The wilful burning of forests, villages,
mothers, children, babies in Vietnam,
where a young girl set on fire ran
naked towards her enemy for comfort.
Acts of Man forever drift above us,
Treblinka, Belsen, Auschwitz-Birkenau,
Hiroshima, Nagasaki and New York.
April
Deer
Tacitly she strolls into our garden.
Her silence is the golden breath of autumn,
with eyes like stained glass windows
showing nothing of her soul.
She figures me completely,
the danger of my stare,
even my desire to track her home
and touch her as she sleeps.
She will leave me nothing
when she steals away,
save a memory of interminable quiet
and the foolish sense I have of empathy.
In the moment of my careless inattention
she vanishes and I remain alone.
I love her and will look for her return.
She is as indifferent as a branch.
March
Promise
When winter lashed our bedroom window
you said you would come back to me in the spring.
A blackbird heard you.
Well, the snowdrops are almost finished,
crocuses are erect and daffodils get prouder by the day.
Even the geese are returning, a ragged victory flight.
I have fresh coffee-beans. We will eat butteries.
What more could you want?
Your white bath-robe on the line flaps its wings
like a swan. Surely you can hear it, feel the breeze,
smell the clean air, see the trees are swelling.
Haven’t you heard about the smart sun we’re having
and the new shopping centre?
The rivers are rising with the melting snow,
birds are pairing off. So what keeps you?
I have ordered a dozen Rioja Gran Reserva.
February
Virtuoso
None of the beggars greet her,
share their cans or fags.
She wears a wedding hat,
her hair has seen a stylist.
Her violin is polished, strung,
the bow taut. Everything is ready
but something’s wrong.
Her bow never touches the strings,
though her legs move as if dancing.
She is beautiful, still,
young hair stroking an old face,
foreign, perhaps French, ex-ingénue,
probably mad, whatever that is:
I mean look at me – checking out a woman
in the street, wanting to know her story,
take her home, care for her,
put her photo on Facebook,
cilla-black her children.
Winter sets in, the word is she’s gone south.
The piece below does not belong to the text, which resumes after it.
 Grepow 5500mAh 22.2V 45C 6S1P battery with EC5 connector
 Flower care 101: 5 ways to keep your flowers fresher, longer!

Her spirit remains, an unkent song
haunting the moon-cold streets…
January
New Year’s Eve
A shy young woman,
the friend of a friend,
comes to my house.
I want to stroke her hair,
amuse her eyes with jokes,
hold her face in my hands,
search her frailty,
feel the boldness that covers
those small bones,
hear her story and say:
Now you are safe.
The bells ring out,
I kiss her and she leaves.
Nothing was said:
a stranger came and went
as the year turned.
One life is touched
as another becomes the night.
The fire needs a log…

Gerard Rochford’s publications include ‘Eating Eggs with Strangers’, ‘The Holy Family and Other Poems’, and ‘Figures of Stone’ (Koo Press). He is the Scottish Review’s Makar of 2010 and contributes a poem each month.